Steve: And you actually touch on that in the film; there's one sequence where you have footage of some of the kids just giving the titles of their projects, and that's to remind us again of how outside the realm of normal life a lot of this work is.
Wagner: Exactly and also just how articulate about this particular topics teenagers are. I mean, when we were filming this film with Ana and Hermain and Kelydra [it] was hard to remember that these were high school students.
Steve: That's absolutely the case as a viewer, I was sitting there thinking that everybody just comes across as so much older and more mature. If you told me that these were people in their late 20s I would buy it instantly, and what we were really talking about it is people who are 16 or 17 years old.
Khan: Doing research really forces you to, not necessarily grow up, but it forces you to develop a sense of maturity [in] the sense that you have to learn as priorities, you become more focused in what you're doing.

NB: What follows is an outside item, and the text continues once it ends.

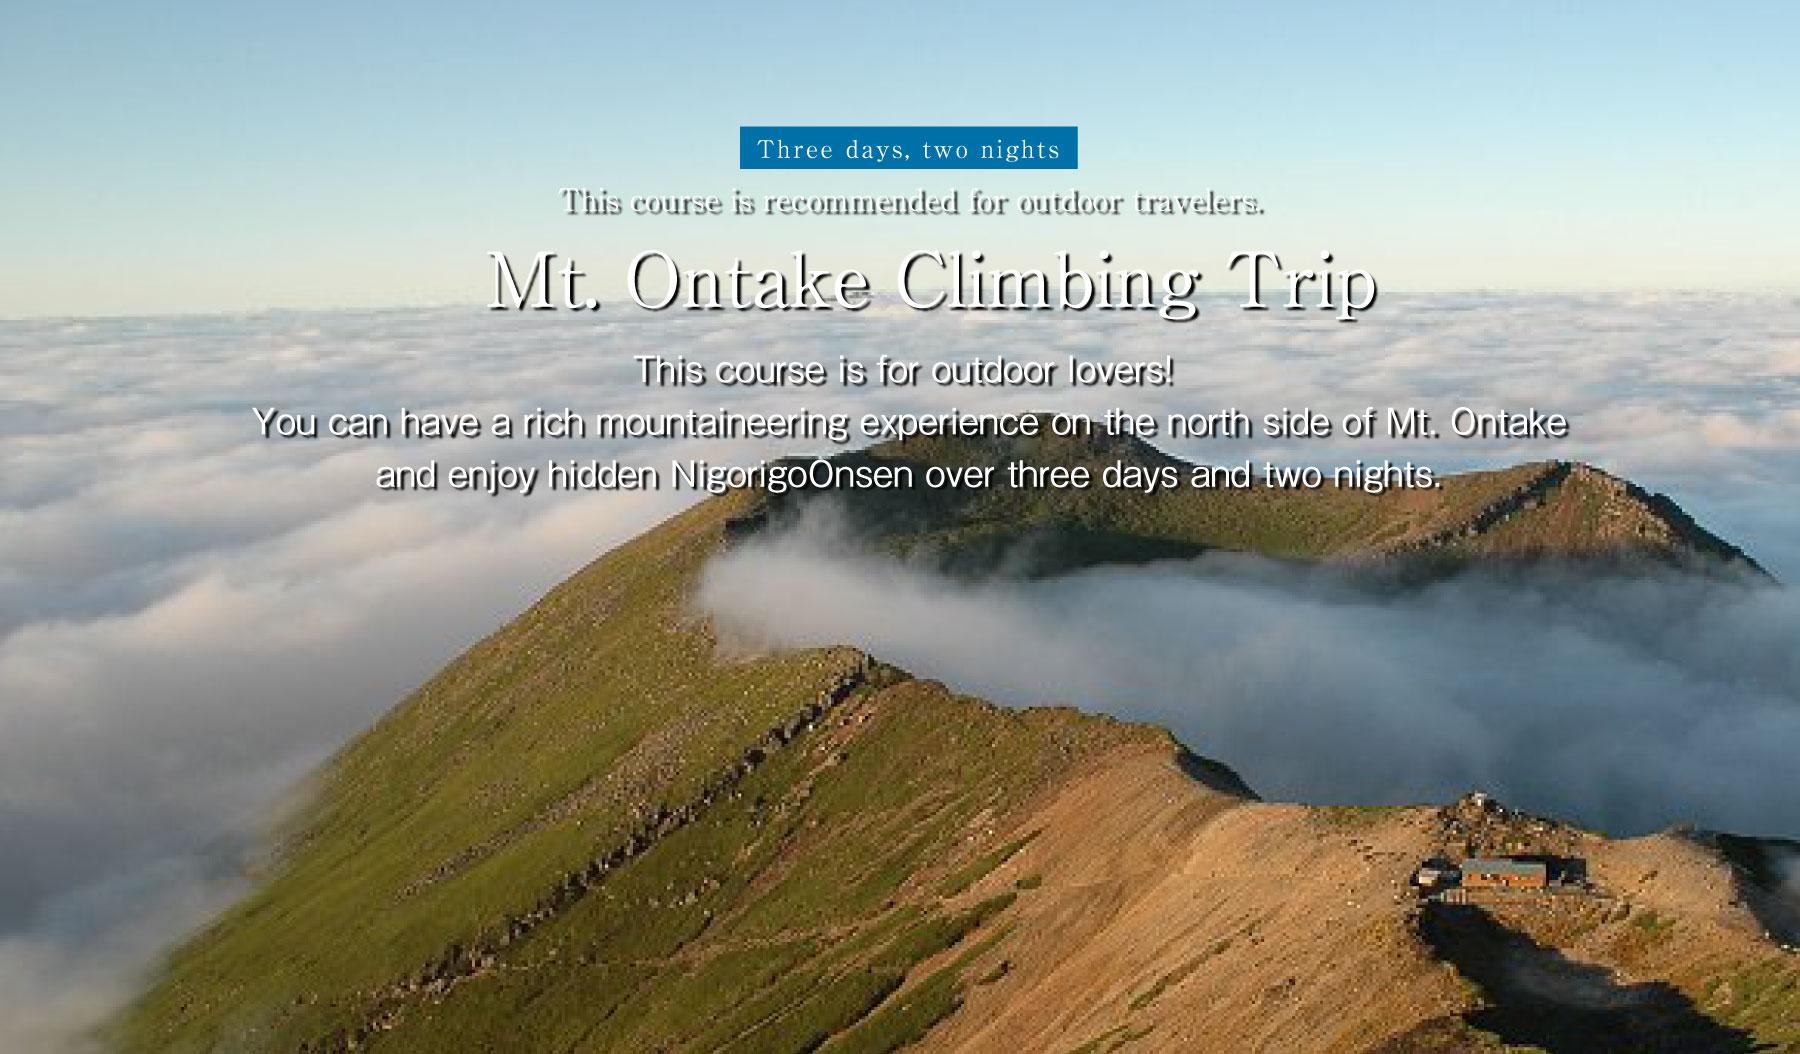 Mt. Ontake climbing trip

There's a lot of attributes that you have to take into yourself and kind of cultivate while you're doing research in order to have a successful project, because if you don't have that level of discipline, the level of discipline that is expected from an adult often times, you won't be able to successfully complete the research or to do what is necessary to come to test whatever you want to test.
Steve: But you had a lot of that kind of discipline and drive going in. I mean, the movie shows you getting up at 5 in the morning.
Khan: Yeah.
Steve: So you're obviously a very driven person [and] the film goes into some of your family background that you believe is part of what drives you so hard.
Khan: Yeah, I think that, I mean, I ha[d] to grow up a little bit early because I didn't have the level of support that other children my age had. I had to learn to set those priorities for myself, I had to learn to get things done myself and ultimately that's why I think that I was successful. I mean I don't look at back it as, like, "Woe is me, I didn't have a childhood." I think of it as, I learned very important character traits at a very early age. Whatever my family circumstances were, I reflect positively on what I learned from this.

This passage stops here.